Hi! Although I posted a while back about our marriage situation, I'll give a brief synopsis of what was going on and where we are at today. Very early this year, my wife of 9 years told me she was unhappy and thinking that we should possibly get a divorce and just be friends since she just didn't know anymore if we were meant for each other. She told me then that her mind had emotionally detached from the marriage and that she was tired of trying to make the marriage better and didn't want to try anymore. I did find out why she had started backing away from our marriage and I worked to improve myself and make our marriage better. Other than a couple of issues (like taking her opinion into account when making a decision and trying to work as a team and getting out more), our marriage is very low in conflict. She has acknowledged on a couple of occasions that she sees how I have changed and she says although it is good, she claims it is too late. On several occasions when we discuss our relationship, she says that she "is broke" and doesn't believe that she can be fixed. Right now my wife is trying to make a little effort the best/only way she knows she can do right now. We are back to going out frequently, having date nights, doing fun stuff together, and talking more about anything and everything. Aside from a small hug/kiss in the morning before we leave for work, there hasn't been any increase in touch or affection. Even with doing more stuff together over the past couple of months, she says that she's still not feeling any type of emotional connection coming back. And she doesn't know what she can do that she would be comfortable with to try to get the connection back. She has mentioned several times that she feels extremely guilty about how she's hurting me but since the connection isn't coming back at all yet, she feels that divorce may be the only option. I do know the guilt is eating at her so much sometimes that she likes to have time alone to be able to cry.
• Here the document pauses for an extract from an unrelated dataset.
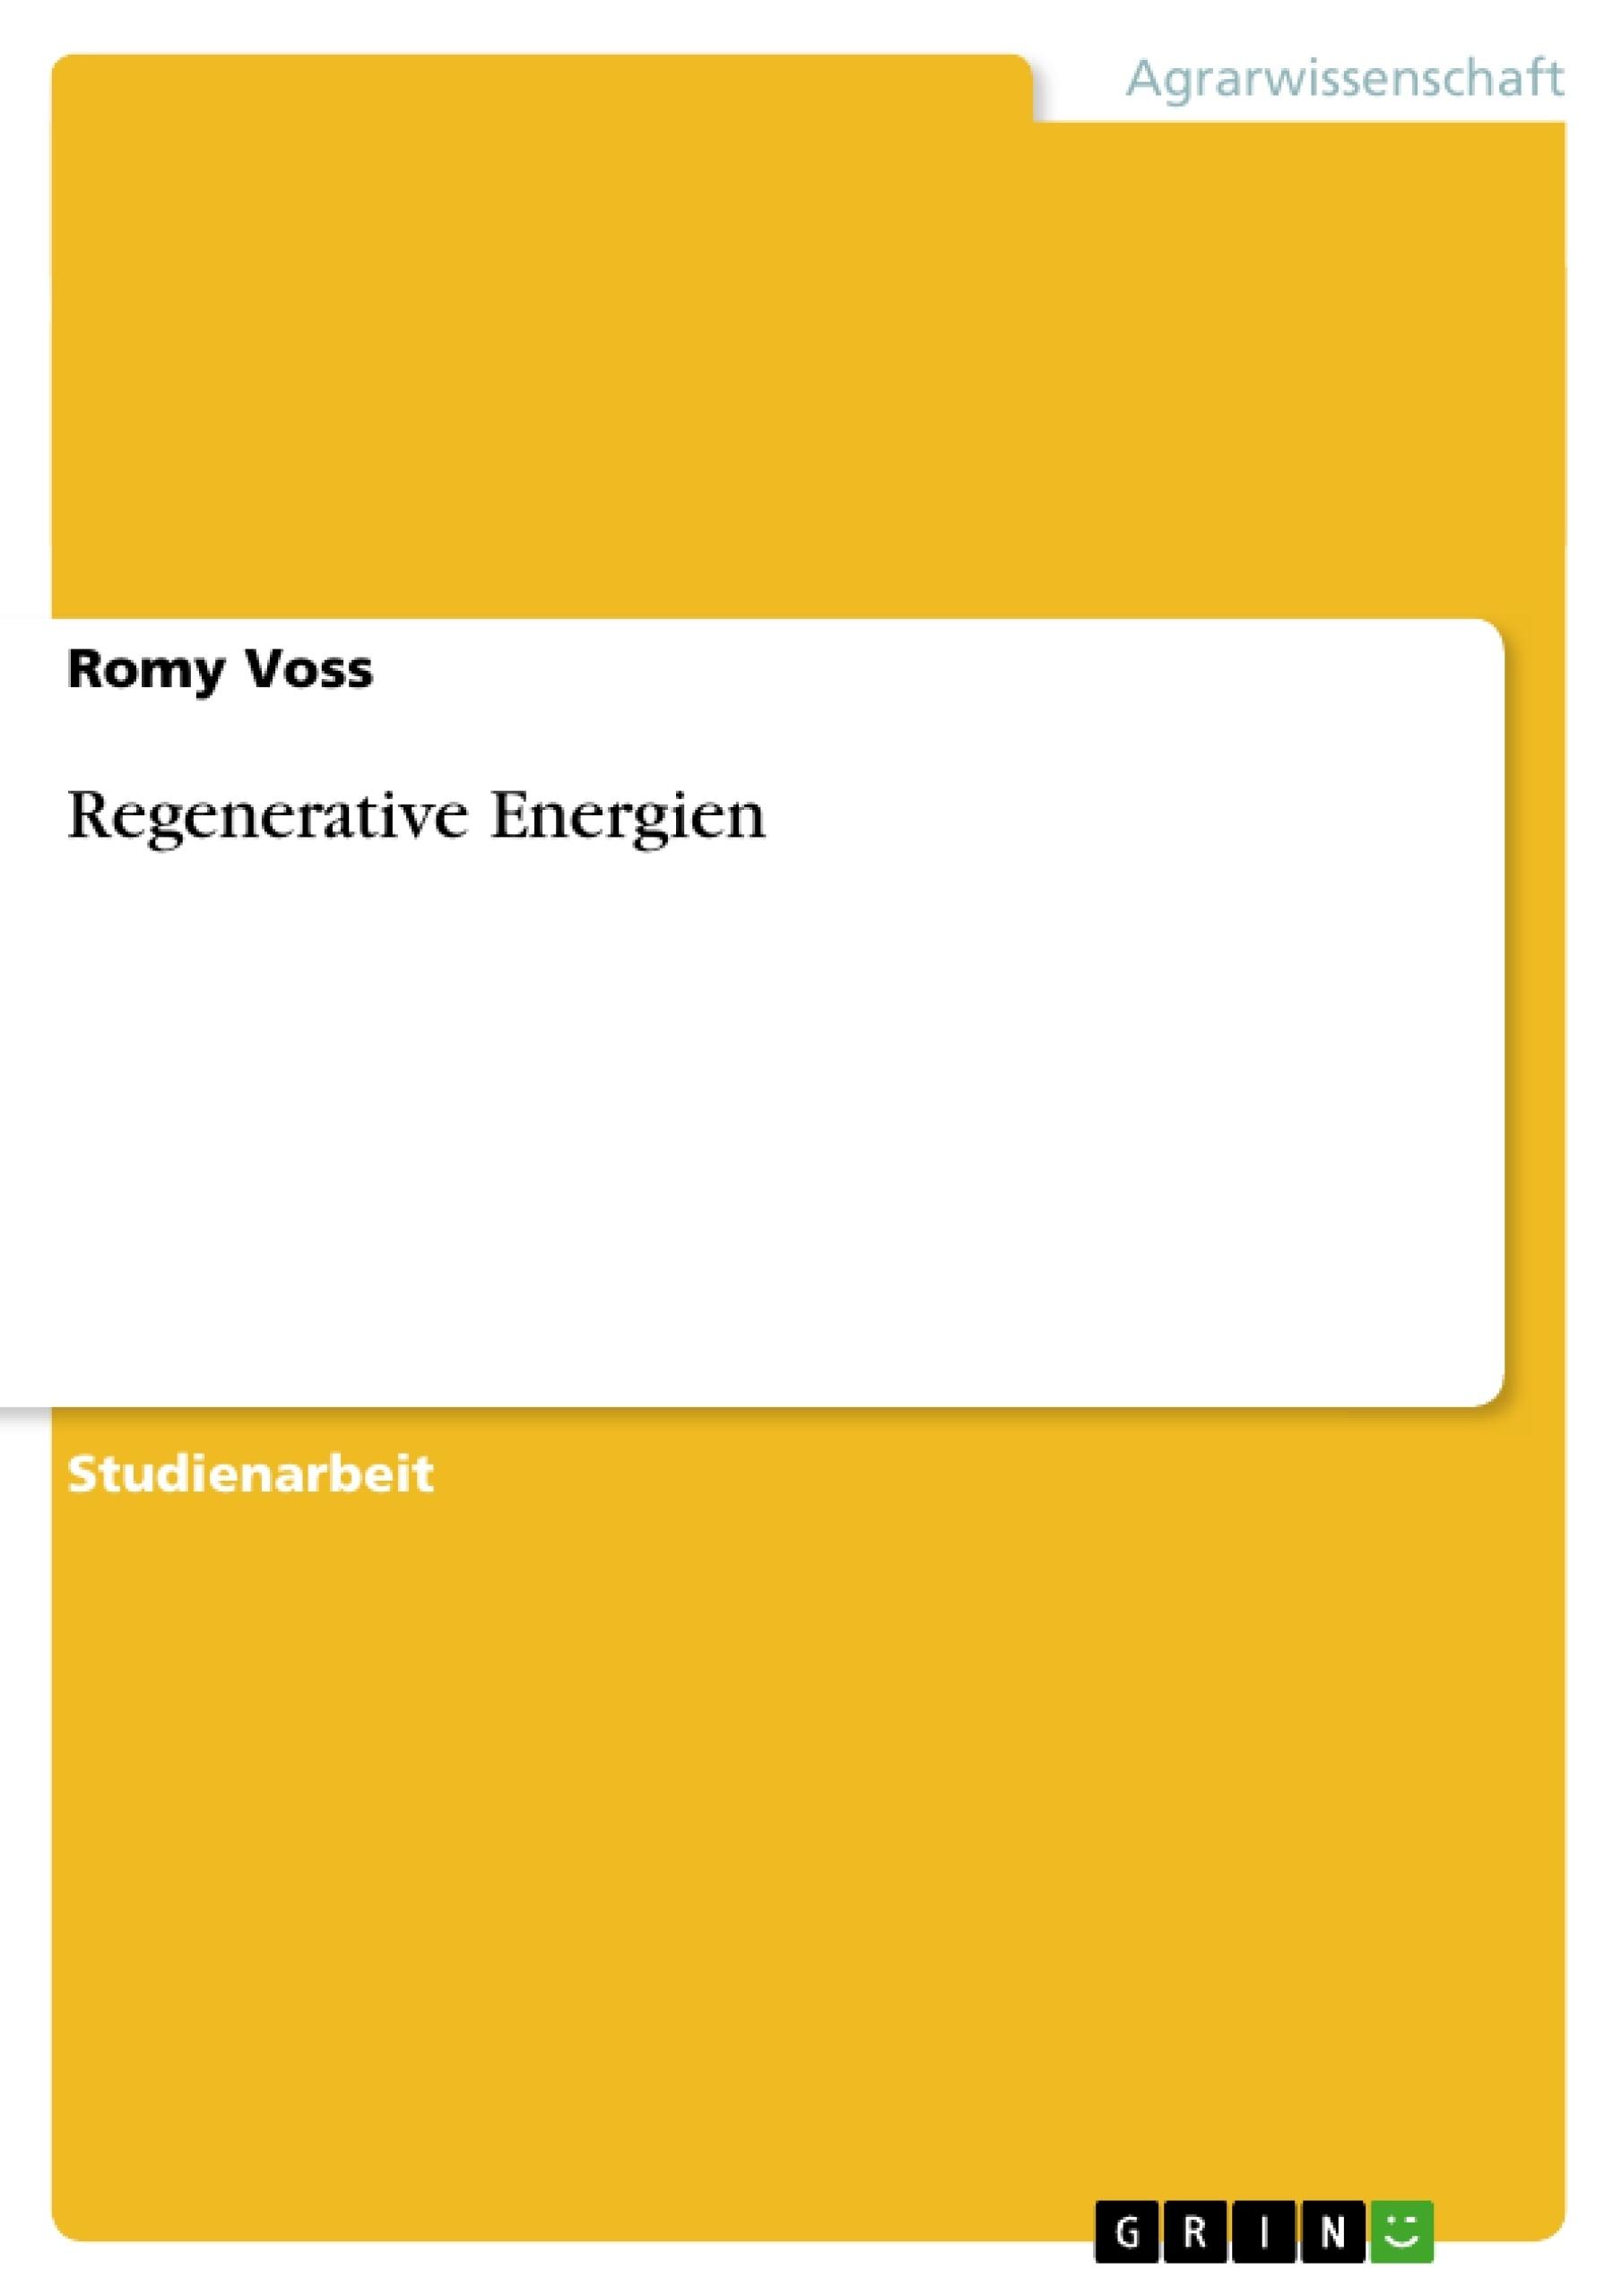 Titel: Regenerative Energien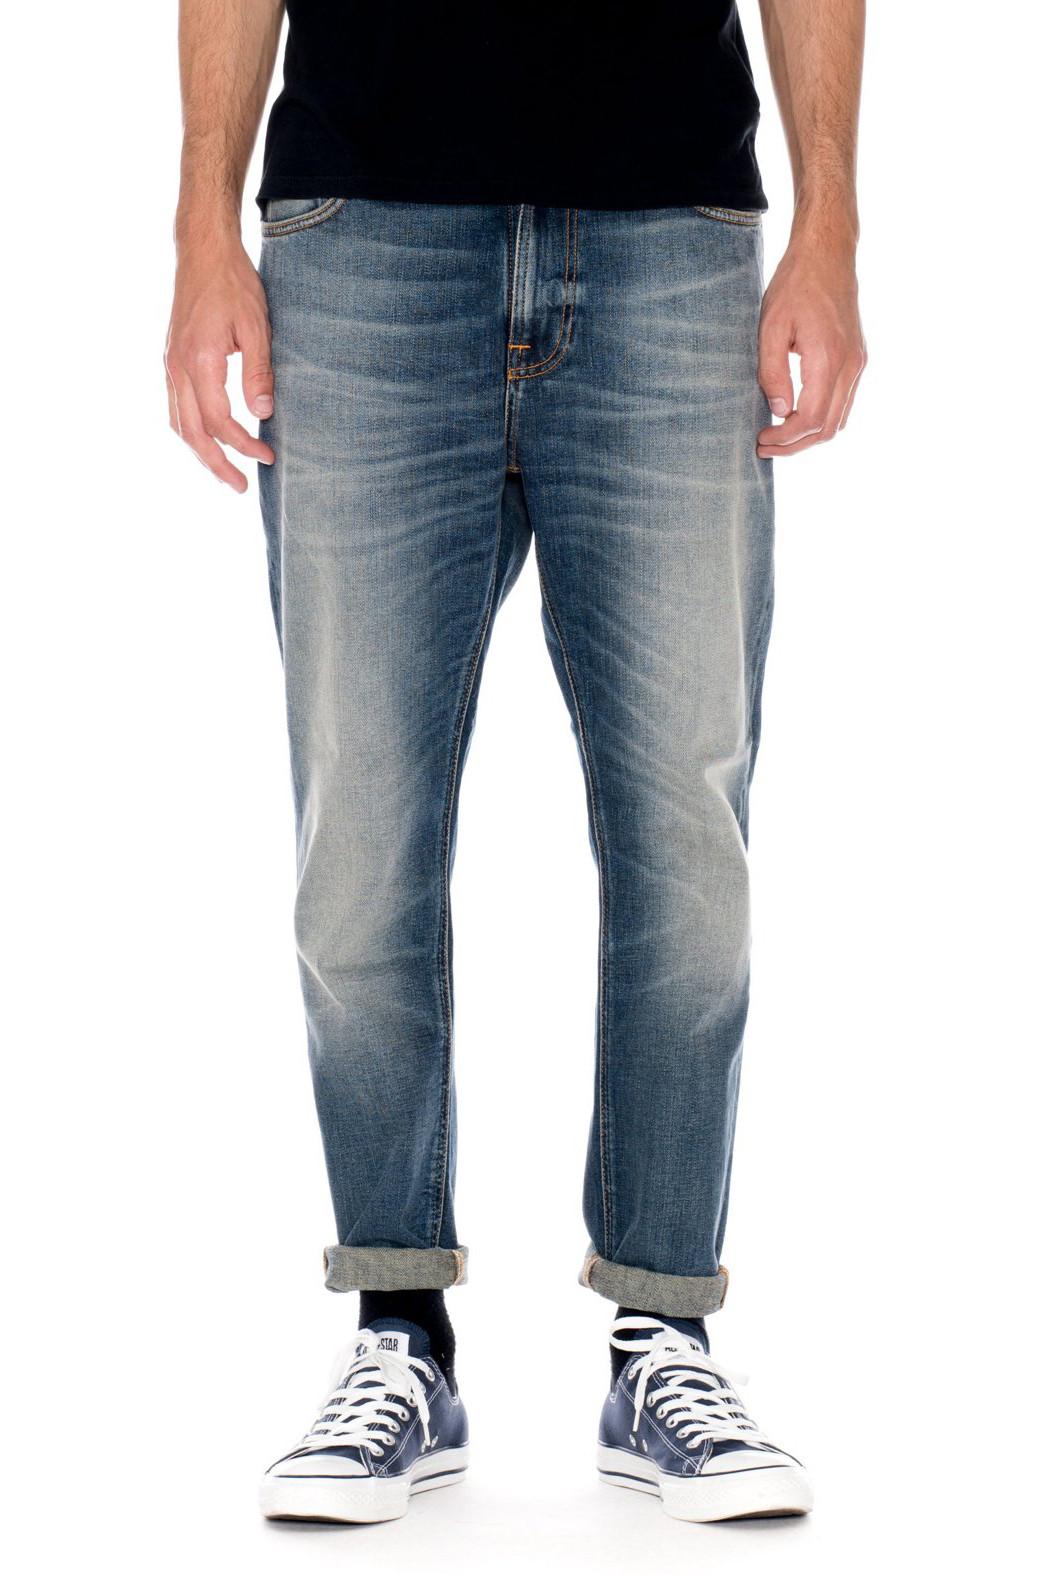 nudie jeans brute knut blue hike garmentory. Black Bedroom Furniture Sets. Home Design Ideas

She has a couple of friends who have divorced recently and although their situations are different, her friends claim that divorcing was good for them. So she has gotten that opinion in her mind that the grass may be greener on the other side. 

We've read some books and online sites that talk about just doing the actions (like being touchy/feely or having sex) even if you don't feel like it to try to get the connection back...But she is worried if we have sex again (It's been about a year) or is really touchy/feely and the connection is not there at the start that she'll feel bad about herself afterwards for doing it, especially if it doesn't build any kind of emotional connection. And she is worried about what it would do to me if she tries really hard but just can't get the spark in our marriage back. So I guess we're trying to see if anyone has any ideas how to go about rebuilding that emotional connection again? Or is doing the actions like I mentioned above about the only way to try to get it back? Part of what is frustrating to her too is not knowing how long she would have to try to start getting the connection back if it is going to come back. She's read where the vast majority of people who don't divorce when they are unhappy will be happy again within 5 years. But she doesn't want to be unhappy for 5 years and I don't want that either. If anyone has any experience with getting the emotional connection back or has any suggestions or ideas, please let us know. Thanks!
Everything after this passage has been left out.